显然,编译器已被调试或允许将被复制捕获的变量声明为 const mutable 说明符不存在时。

具有讽刺意味的是,以下代码使用GCC进行编译,但不会编译t与clang:

Apparently compilers are either bugged or allowed to declare variables captured by copy as const when the mutable specifier is not present.
Ironically, the following compiles with GCC, but it doesn't with clang:

#include <type_traits>

int main(int argc, char* argv[]) {
    int i = 0;
    [j = i](){ static_assert(std::is_same<decltype(j), const int>::value, "!"); }();
}

要在两种情况下都解决此问题,您可以执行以下操作:

To work around the issue in both cases you can do this:

return [f = std::forward<F>(f)](auto&&... args) -> decltype(auto) {
    return std::forward<decltype(f)>(f)(std::forward<decltype(args)>(args)...); // here
};

也就是说,您可以省略变量关键字,但您必须在lambda中使用 f 副本的实际类型。请注意,原始 f 是对lambda函数的非常量引用,因此 F 可以不同于lambda中的类型 decltype(f)

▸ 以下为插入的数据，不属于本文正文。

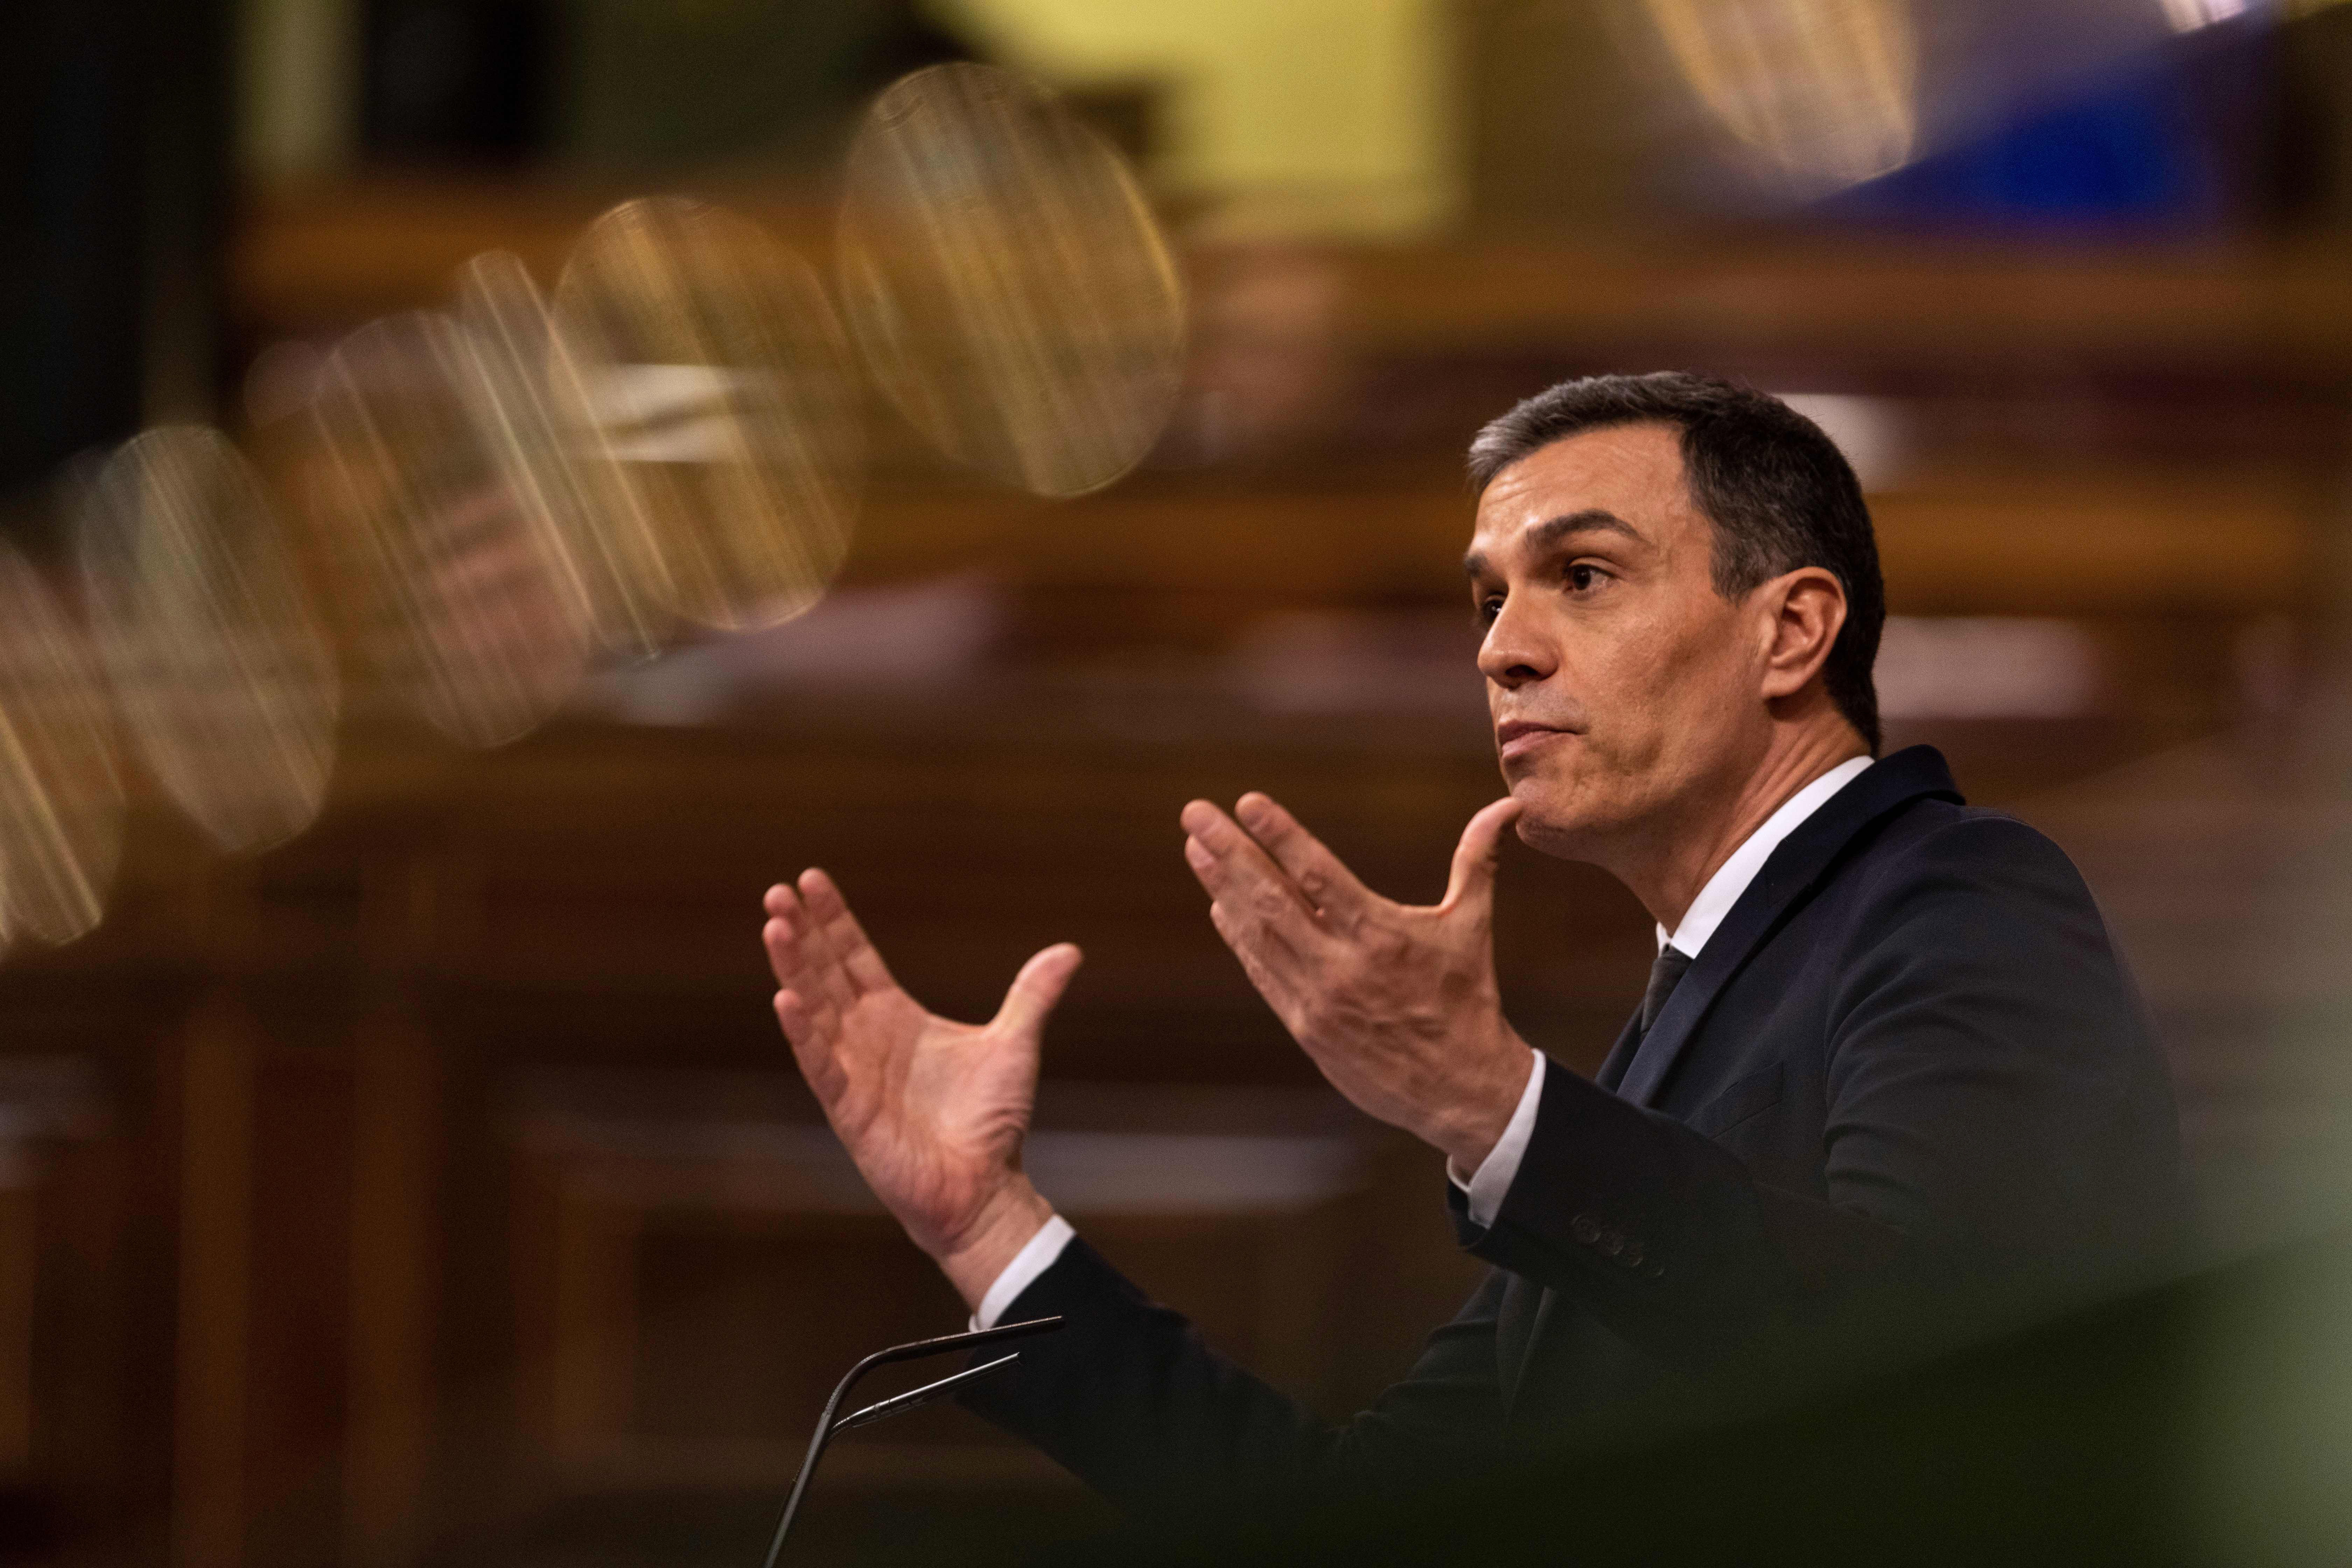 Pedro Sánchez, Prime Minister of Spain, addresses a parliamentary plenary session in Madrid on June 3.

在任何情况下都有效,即使对于 mutable lambda。例如:

That is, you can omit the mutable keyword, but you have to use the actual type of the copy of f within the lambda. Note that the original f is a non-const reference to a lambda function, thus F can differ from the type decltype(f) within the lambda.
This is valid in any case, even for mutable lambda. As an example:

#include <type_traits>
#include<utility>

struct S {};

template<typename T>
void f(T &&t) {
    [t = std::forward<T>(t)]()mutable{ static_assert(std::is_same<decltype(t), S>::value, "!"); }();
    // the following doesn't compile for T is S& that isn't the type of t within the lambda
    //[t = std::forward<T>(t)]()mutable{ static_assert(std::is_same<decltype(t), T>::value, "!"); }();
}

int main() {
    S s;
    f(s);
}

通常,应使用捕获变量的实际类型而不是

在特定情况下,即使编译器错误地将捕获的变量声明为 const ,您也可以使其工作而无需只要 f 的函数运算符为 const 可变说明符c>(这就是您的情况,因为 f main 不是可变)。

In general, you should use the actual type of the captured variable instead of the type given in a surrounding context.
In the specific case, even though the compiler wrongly declares the captured variable as const, you can make it work without the mutable specifier as long as the function operator of f is const (that is your case, for f is main isn't mutable as well).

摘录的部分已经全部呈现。